Distance-Based Hierarchical Cutting of Complex Networks with Non-Preferential and Preferential Choice of Seeds

TL;DR

The paper investigates how distance-based hierarchical cutting partitions graphs into seed-centered components and builds a dendrogram describing the resulting hierarchy. It compares three network models—ER, BA, and GEO—and studies two seed-selection strategies: non-preferential and degree-preferential. Geometric networks consistently yield the most balanced, sizeable components with little chaining, BA networks show strong chaining and imbalance, and ER networks are intermediate.

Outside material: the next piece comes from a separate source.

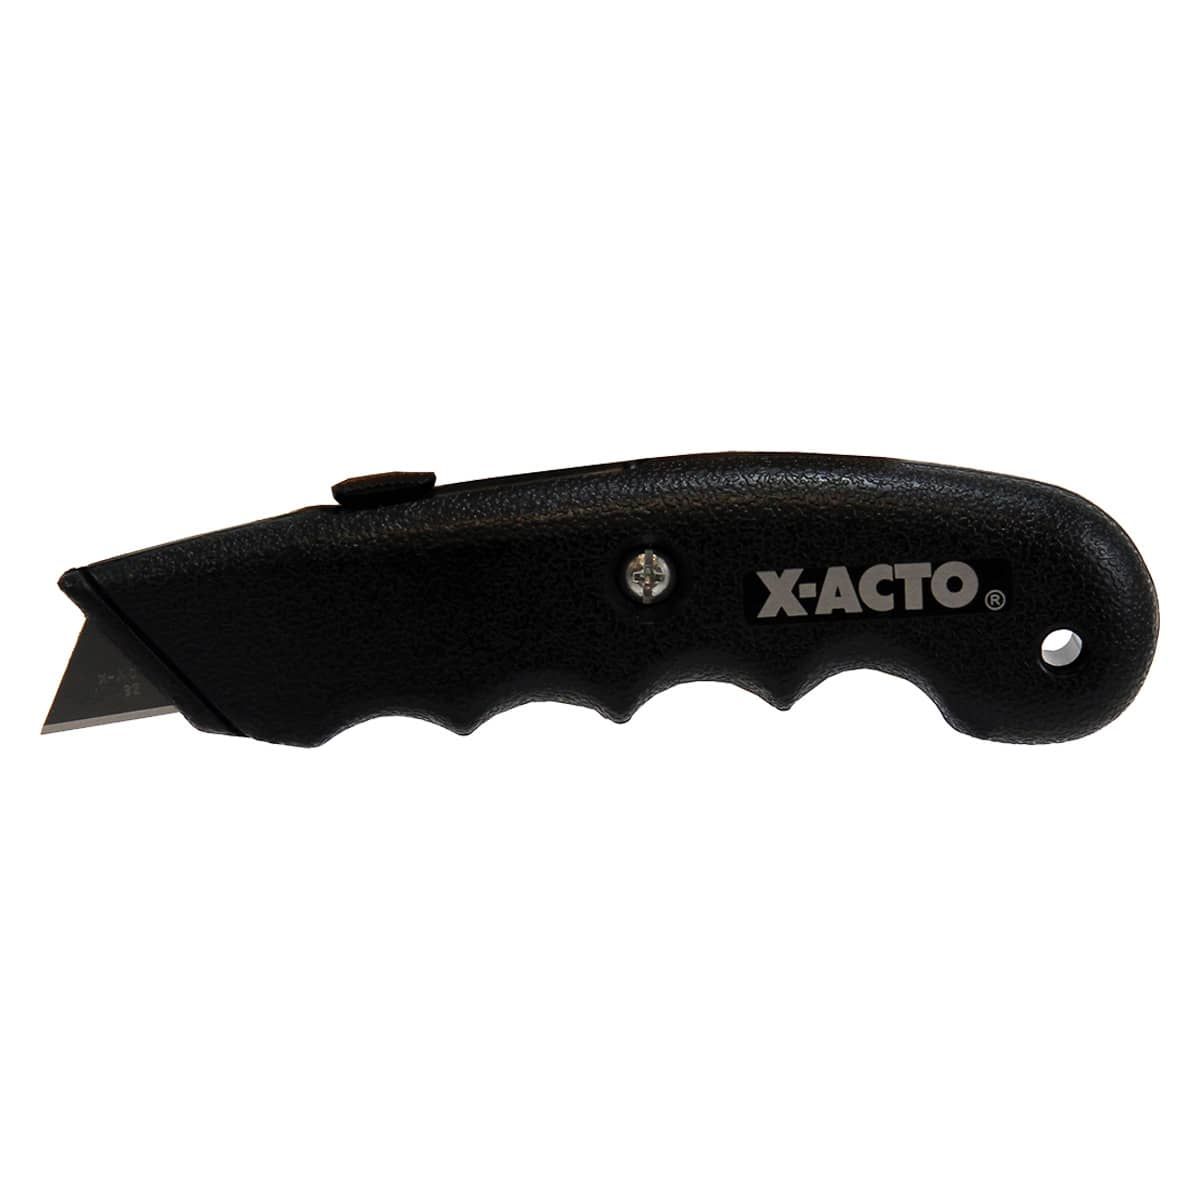 Xacto Zseries #2 Knife W/ Cap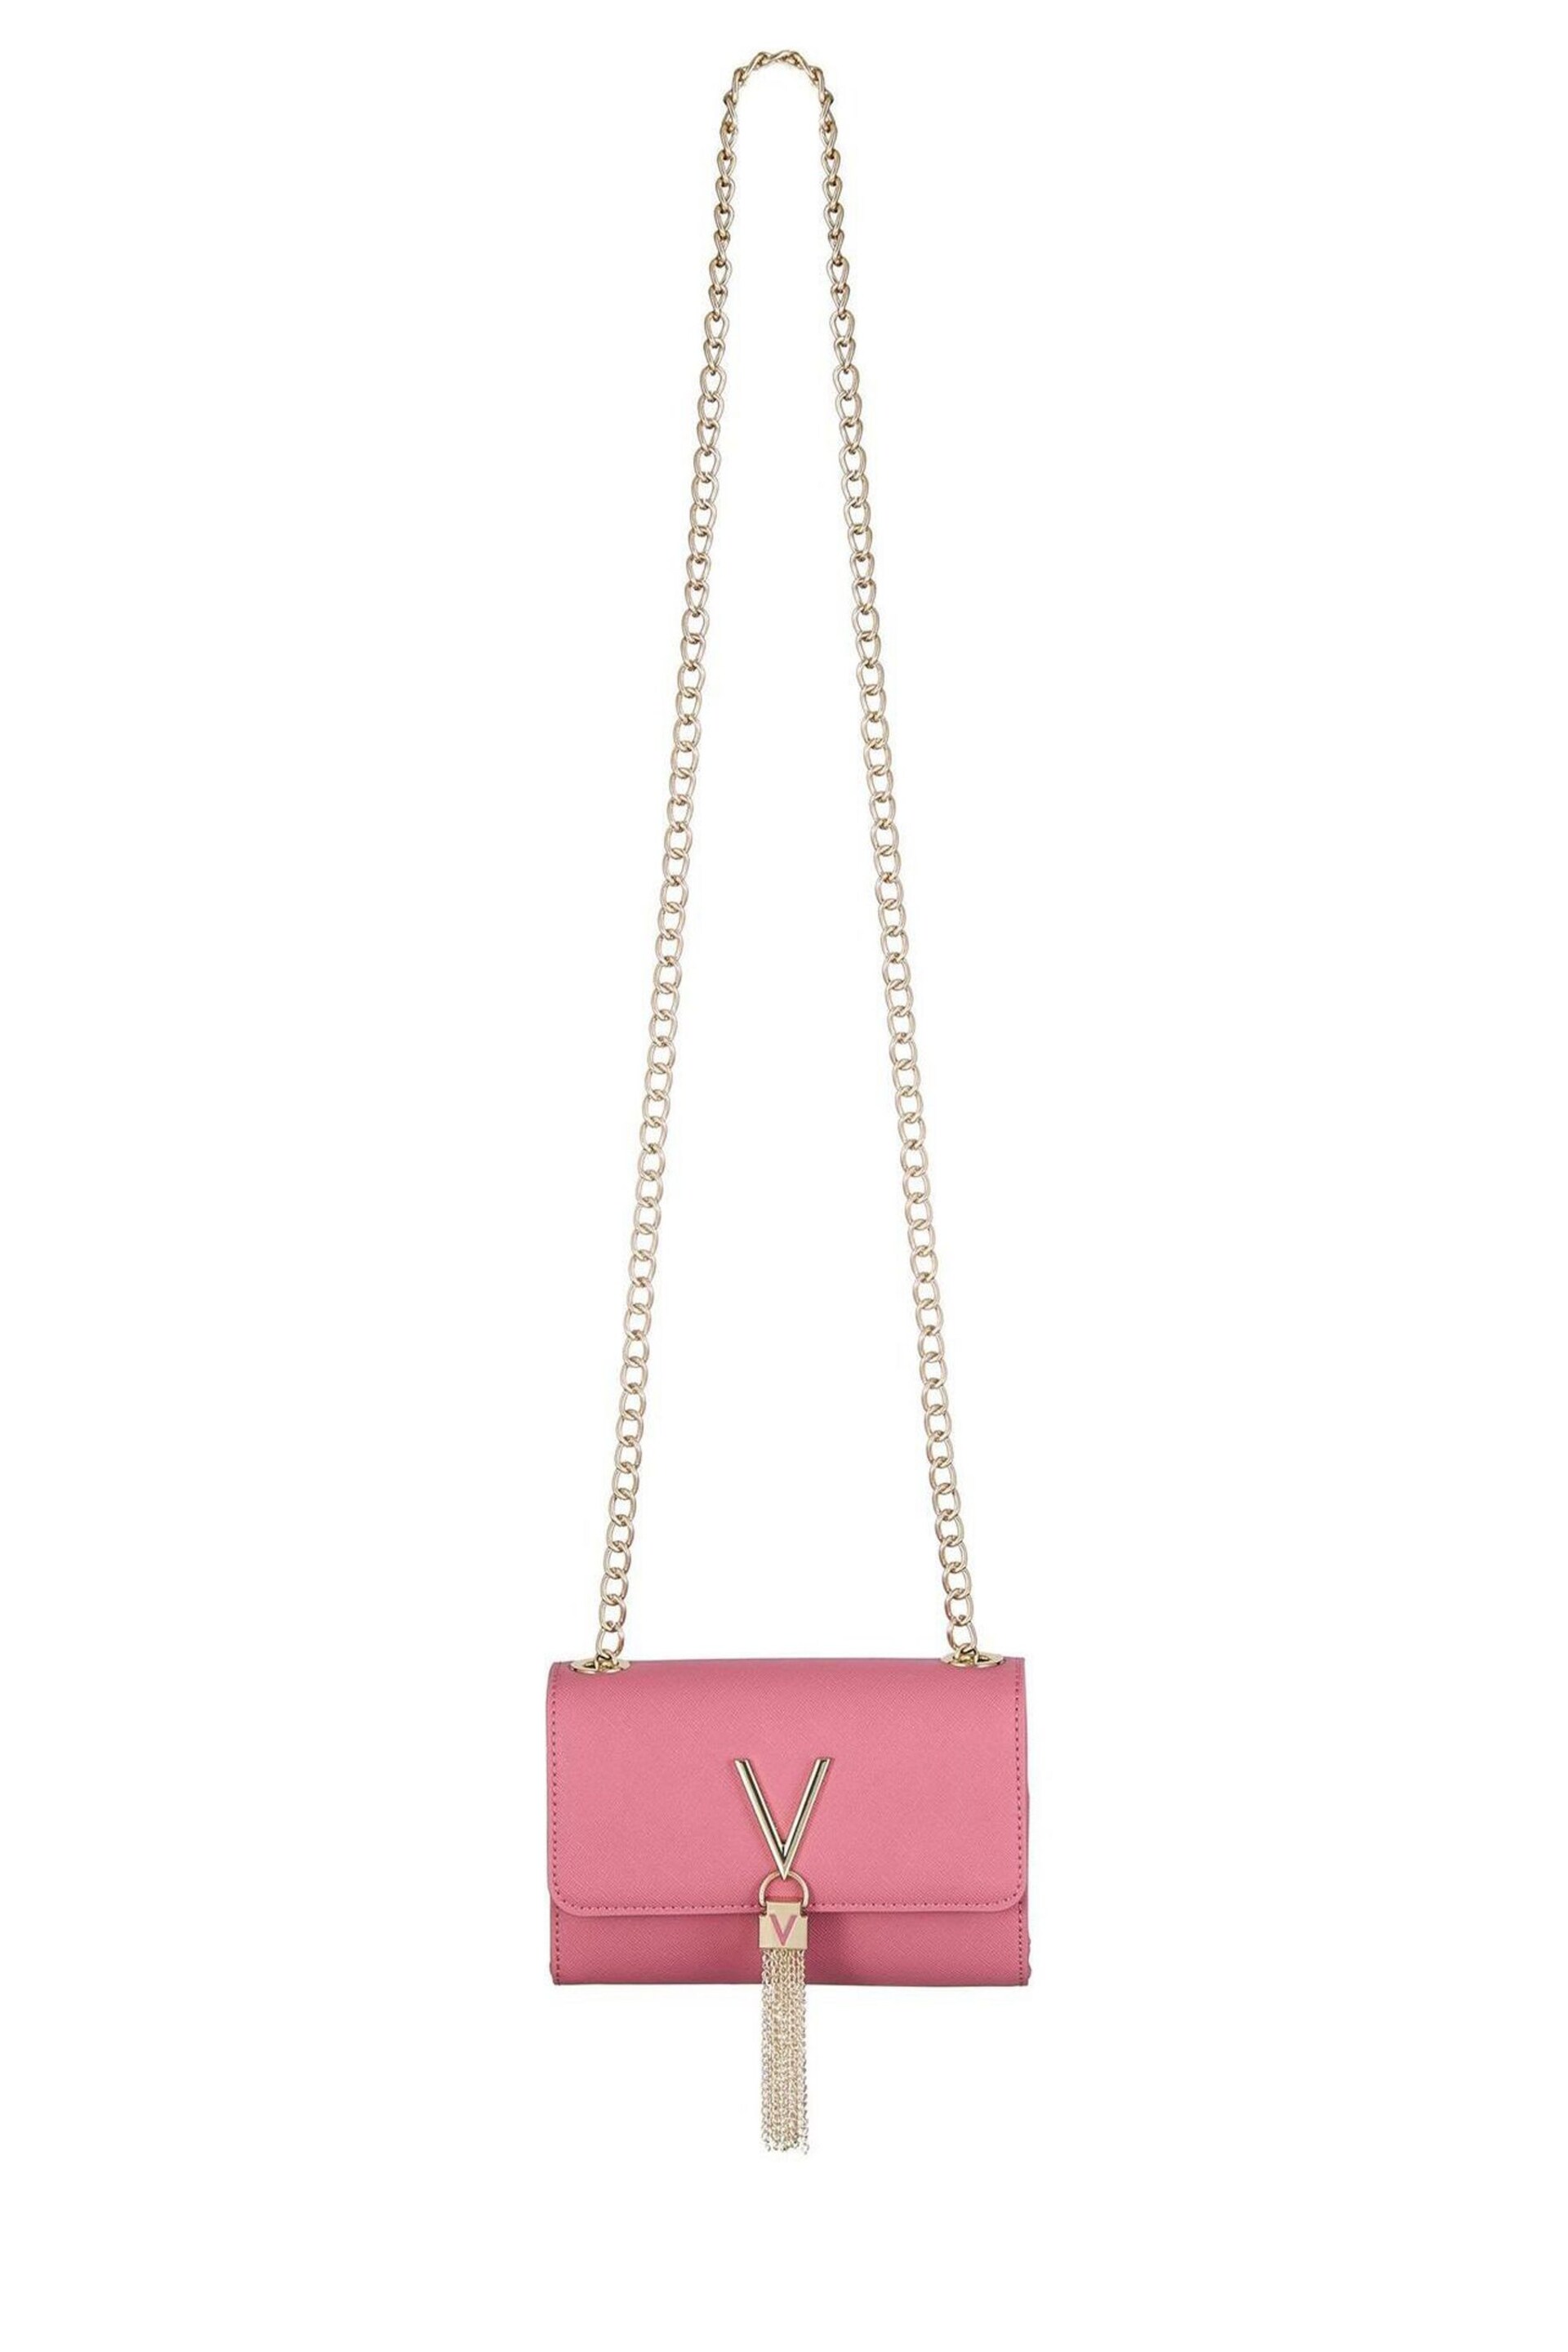 Valentino Bags Pink Divina Chain Crossbody Tassel Bag - Image 1 of 3

Compared with random-walk-based cutting, distance-based methods produce significantly less chaining, and the results suggest tailored heuristics may be needed for scale-free topologies; extensions to more seeds and modular structures are proposed.

Abstract

Graphs and complex networks can be successively separated into connected components associated to respective seed nodes, therefore establishing a respective hierarchical organization. In the present work, we study the properties of the hierarchical structure implied by distance-based cutting of Erdős-Rényi, Barabási-Albert, and a specific geometric network. Two main situations are considered regarding the choice of the seeds: non-preferential and preferential to the respective node degree. Among the obtained findings, we have the tendency of geometrical networks yielding more balanced pairs of connected components along the network progressive separation, presenting little chaining effects, followed by the Erdős-Rényi and Barabási-Albert types of networks. The choice of seeds preferential to the node degree tended to enhance the balance of the connected components in the case of the geometrical networks.

Figures (9)

• Figure 1: An original graph (a) with three seed nodes identified as square nodes in green, blue, and orange. The same graph partitioned (b), in terms of the shortest topological distances, between the three seed nodes. Nodes that have the same distance to two or more seeds are assigned randomly to one of those seeds, in a manner than can be understood as being analog to the concept of Dirichlet tessellation (or Voronoi diagrams, e.g. riedinger1988delaunay). Once partitioned, the graph can be separated (c) into connected components respective to each of the seeds by removing the edges extending between nodes belonging to different partitions. This basic separation approach can then be repeated, yielding a respective hierarchy.
• Figure 2: Illustration of the recurrent application of the distance-based cutting of networks respectively to $M=3$ seeds, which are shown as square nodes.
• Figure 3: Dendrogram obtained from the distance-based cutting illustrated in Fig. \ref{['fig:branch_dendrogram']}.
• Figure 4: The region of possibly observable coordinates $\left(n_1, n_2\right)$, assuming the components to have al least size $N/2$, is defined by four vertices $A, B, C,$ and $E$. The most balanced situation, characterized by the two resulting components having the same size, corresponds to the point $C$. Henceforth, the region within the bounding polygon is separated into two sub-regions delimitated by the polygons $ABDE$ and $CDE$, with the latter being associated to more balanced pairs of connected components which are also relatively large. The total density of observations resulting within these two regions are henceforth expressed as $P_2$ and $P_3$. A portion of the region $ABDE$, namely that comprised within $AFGB$, is also considered to correspond to chained pairs of components, leading to a respective probability $P_1$.
• Figure 5: Scatterplots of component sizes $\left(n_1, n_2 \right)$ obtained for 2000 networks of ER (a), BA(b), and GEO (c) types considering the uniform choice of the seed nodes. The points on the line segment $AC$ correspond to the very first separation of the original network ($n_1+n_2=N$). The green cross-hair indicates the average $\pm$ standard deviation of the values of $n_1$ and $n_2$. The networks of GEO type resulted in the most balanced components, indicated by the concentration of cases near point E. At the same time, the BA network tended to yield the less balanced connected components, with the observed coordinates covering most of the bounding polygon.